To the outside world, this conversion process is completely hidden.

You can also create more classes to encapsulate related entities. For example, each post will have related comments so I can repeat the process of collecting these related items:

def comments
  @doc.xpath('wp:comment').collect { |comment| Comment.new(comment) }
end

Now I can deal with the comment specific formatting in it’s own object.

Importing the data

Finally back in the wordpress.rake task we can deal with the actual importing process.
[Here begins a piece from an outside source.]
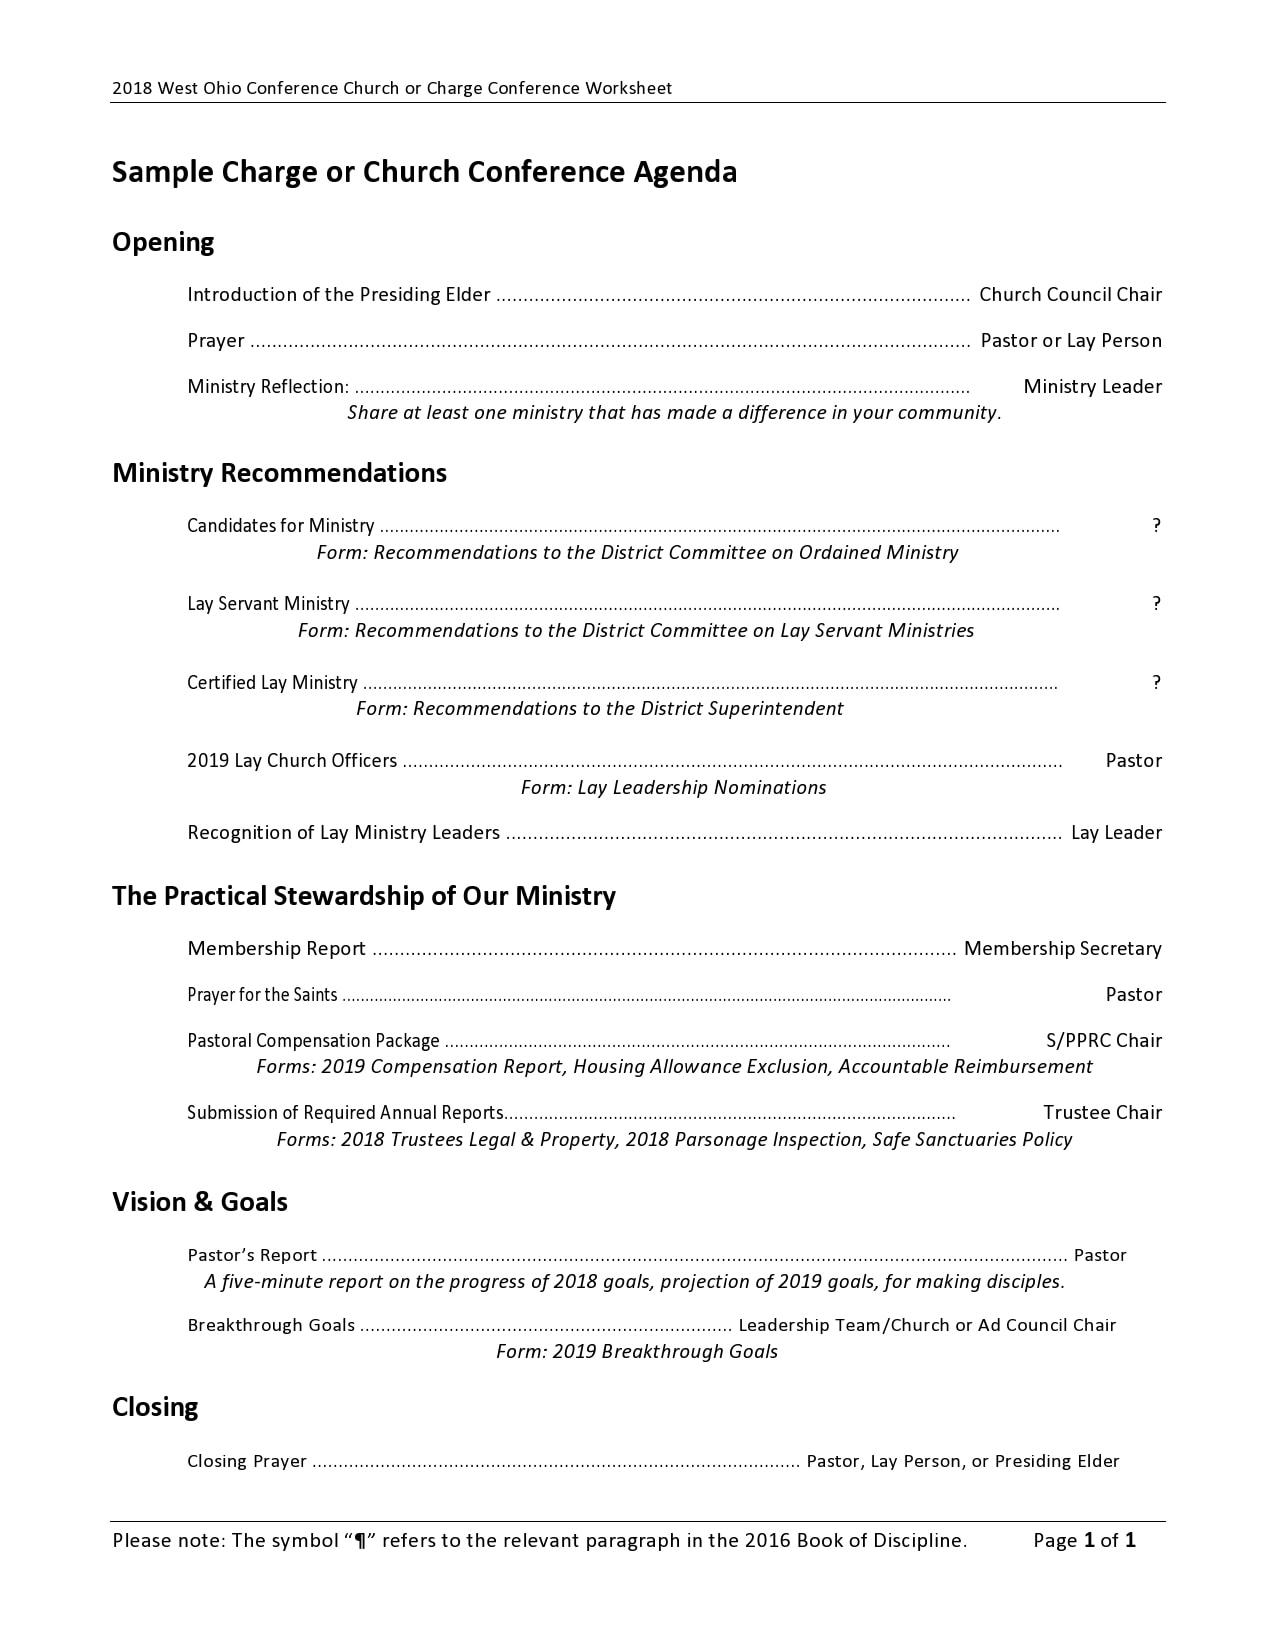 conference agenda template 12

This will basically mean taking each object from the WordPress data export and creating new Active Record objects and relations.

namespace :wordpress do
  desc 'Import WordPress data'
  task import: :environment do
    # Get the WordPress data
    data = WordPress::Data.new

    # Import the posts
    data.posts.each do |data|
      article = Article.new
      article.title = data.title

      # etc
      article.save!
    end
  end
end

The structure I’ve decided on for my CMS is more complicated than a regular blog and so this provides a nice opportunity to create the object graph for each article. That is something I definitely could not of done if I had used a general purpose solution.

Conclusion

In today’s tutorial we’ve covered a couple of interesting areas of Ruby development including creating Rake tasks as well as the very useful Nokogiri gem.

By encapsulating each chunk of data from the WordPress export as a class we can deal with whatever conversion details we require.

Although there are many existing solutions for migrating data from a WordPress blog, none of them came close to satisfying my requirements.

Hopefully if you are looking to do the same, you can use these last two posts as a foundation for building what you need.